Самая настоящая Золушка - стр. 37
Эти мысли вызывают нервную улыбку, и доктор подозрительно прищуривается, снова что-то записывая в блокнот. Хочется попросить ее не скрипеть ручкой, но тогда мой диагноз наверняка обрастет новыми подробностями. Всякими «неврастениями» или «истероидными состояниями».

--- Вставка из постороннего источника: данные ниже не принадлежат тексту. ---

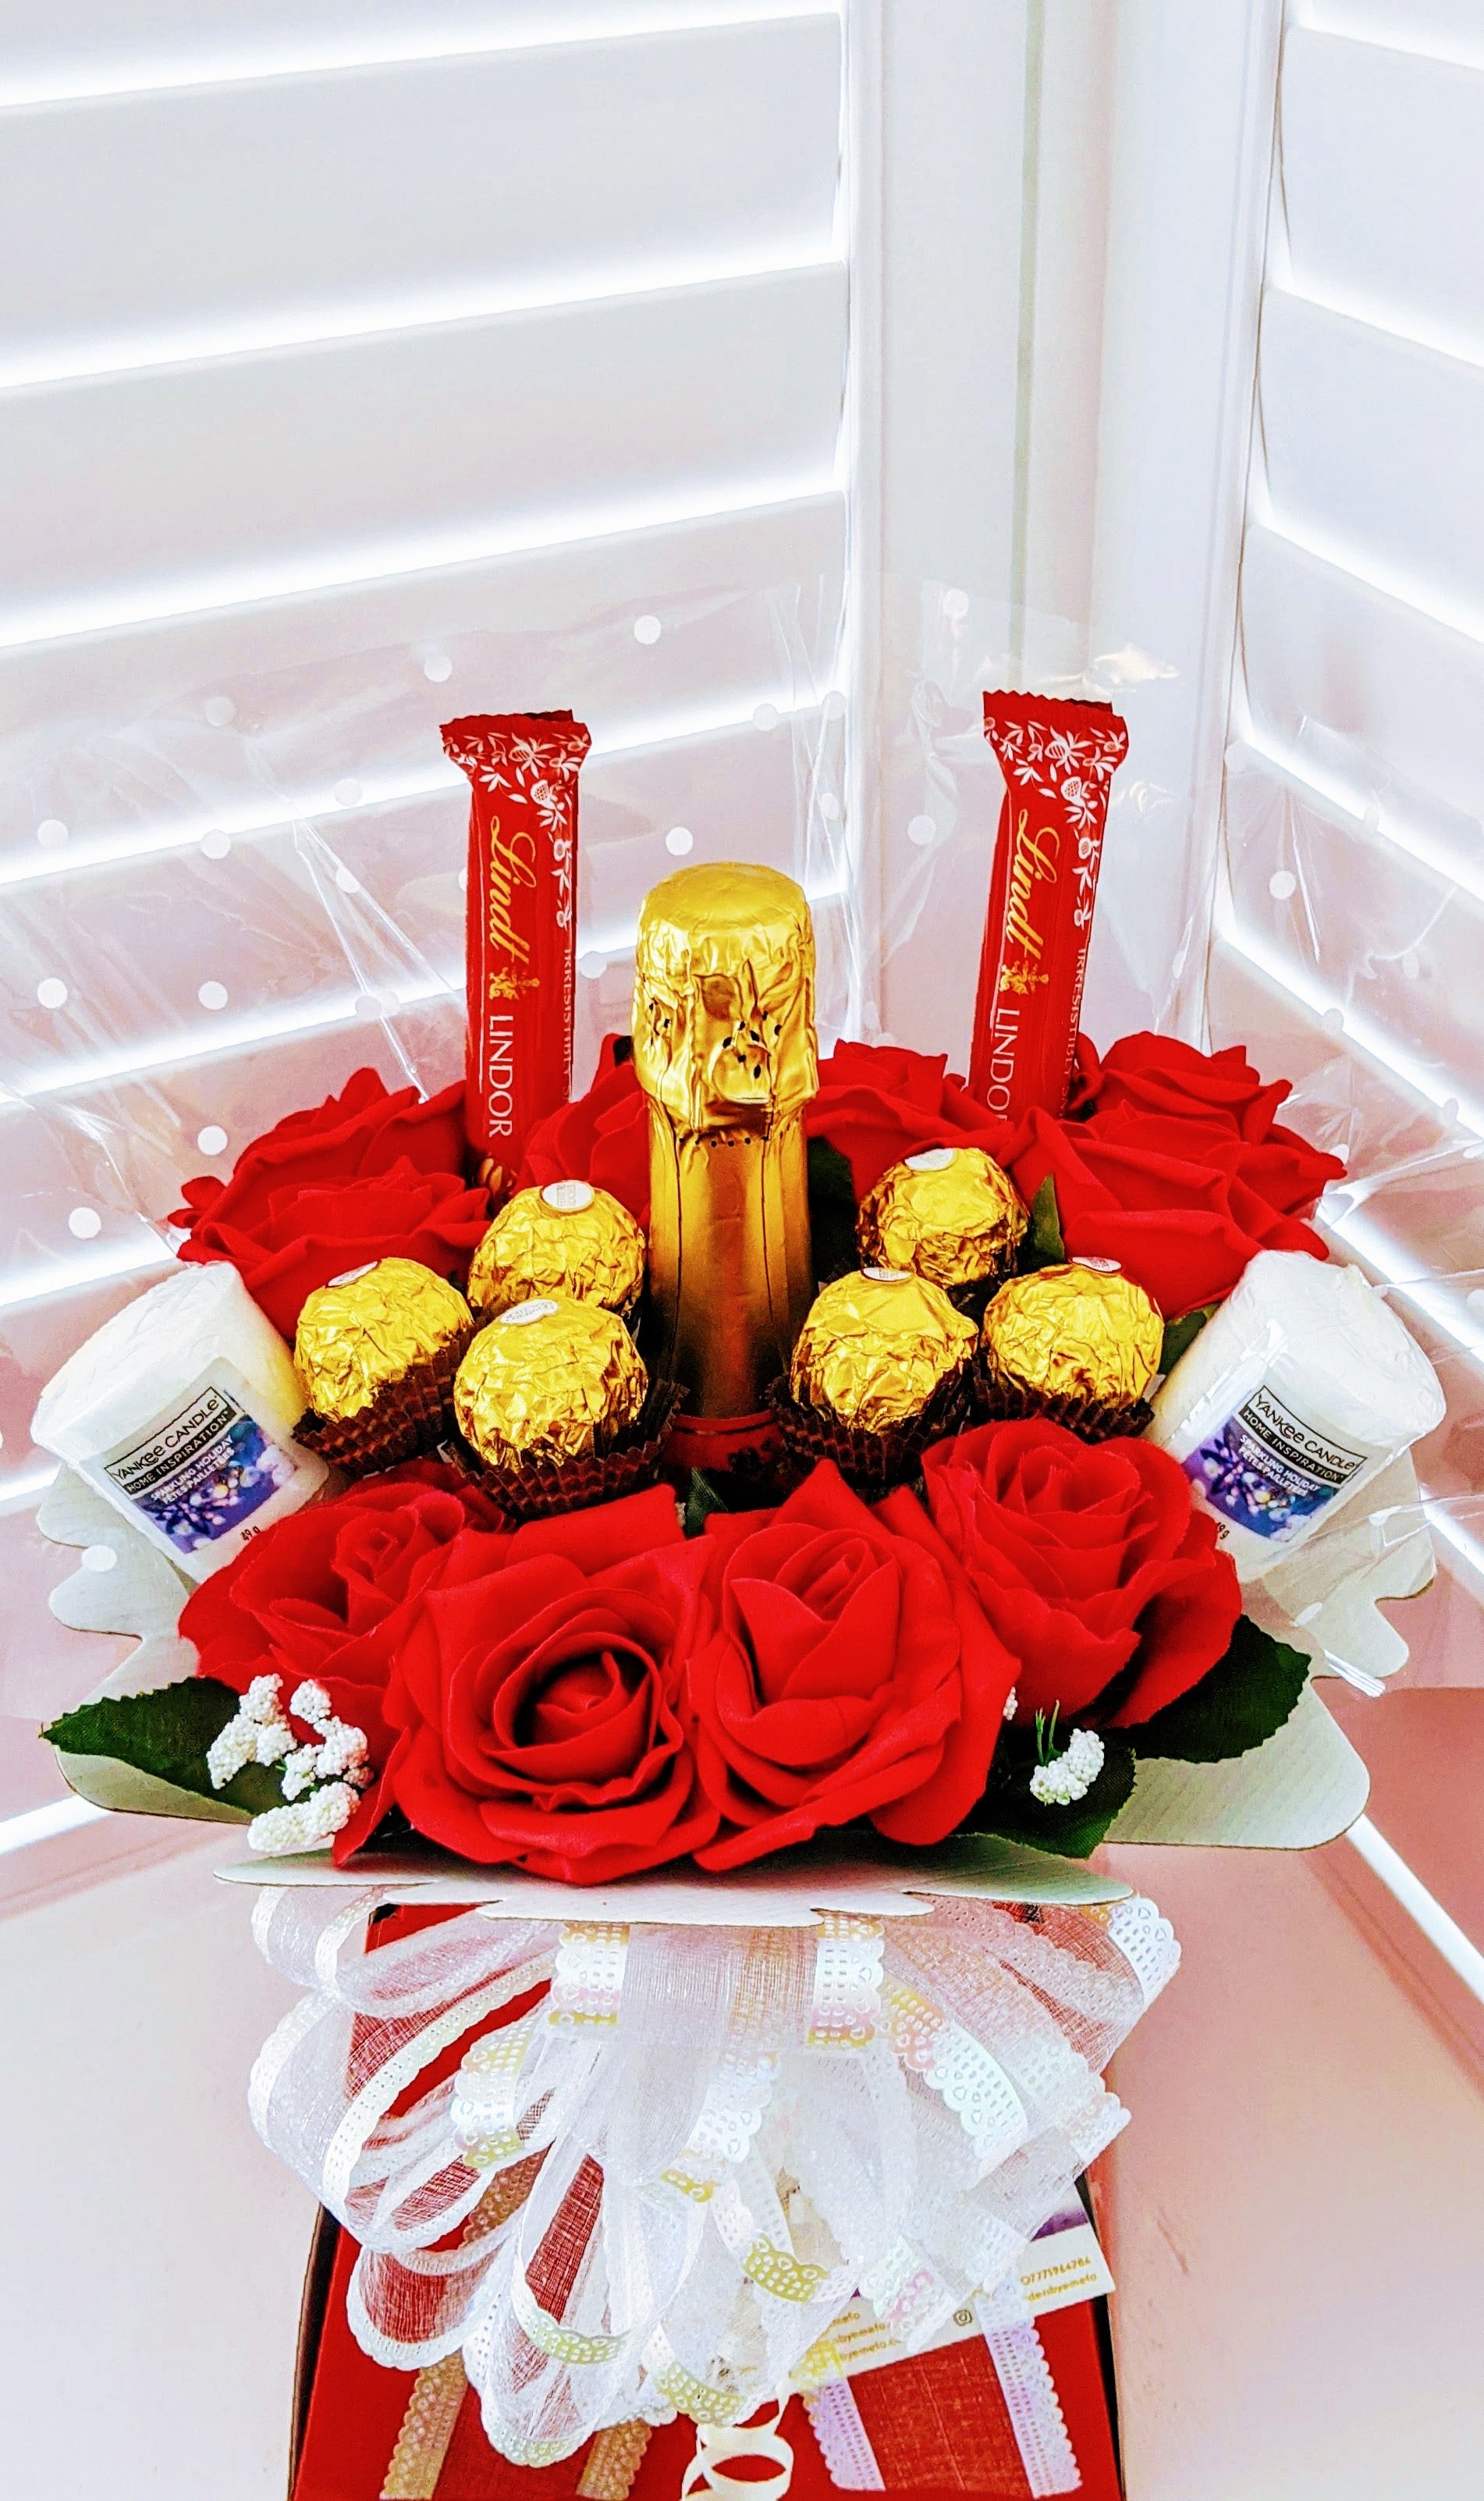 Customized Non Alcoholic Drink Yankee Candles Floral Chocolate Bouquet package with personalised message for any occasion

Господи, откуда я все это знаю?
— Это очень нелегко осознать, - говорит женщина, прикрывая рукой исписанную страницу, когда я пытаюсь всмотреться в ее почерк. – Что можно вот так потерять год жизни, но обычно такие состояния носят временный характер и необходимы нашей психике чтобы… восстановиться. Вы все вспомните, если будете придерживаться простых правил и избегать стресса. И проводить больше времени в кругу близких. Семья – самый лучший источник ощущения безопасности. Через некоторое время память начнет возвращаться.
— Как я это пойму?
Мне хочется громко смеяться и плакать навзрыд. В одно и то же время.
Потому что все эти провалы в памяти так романтично выглядят в фильмах, а на самом деле это странно и страшно, и непонятно. Словно прийти на фильм, посмотреть начальные титры, прикрыть глаза – и открыть их уже в финале. Все вокруг обсуждают сюжет, хлопают, хвалят режиссерскую задумку, а ты абсолютно не понимаешь, что сейчас было.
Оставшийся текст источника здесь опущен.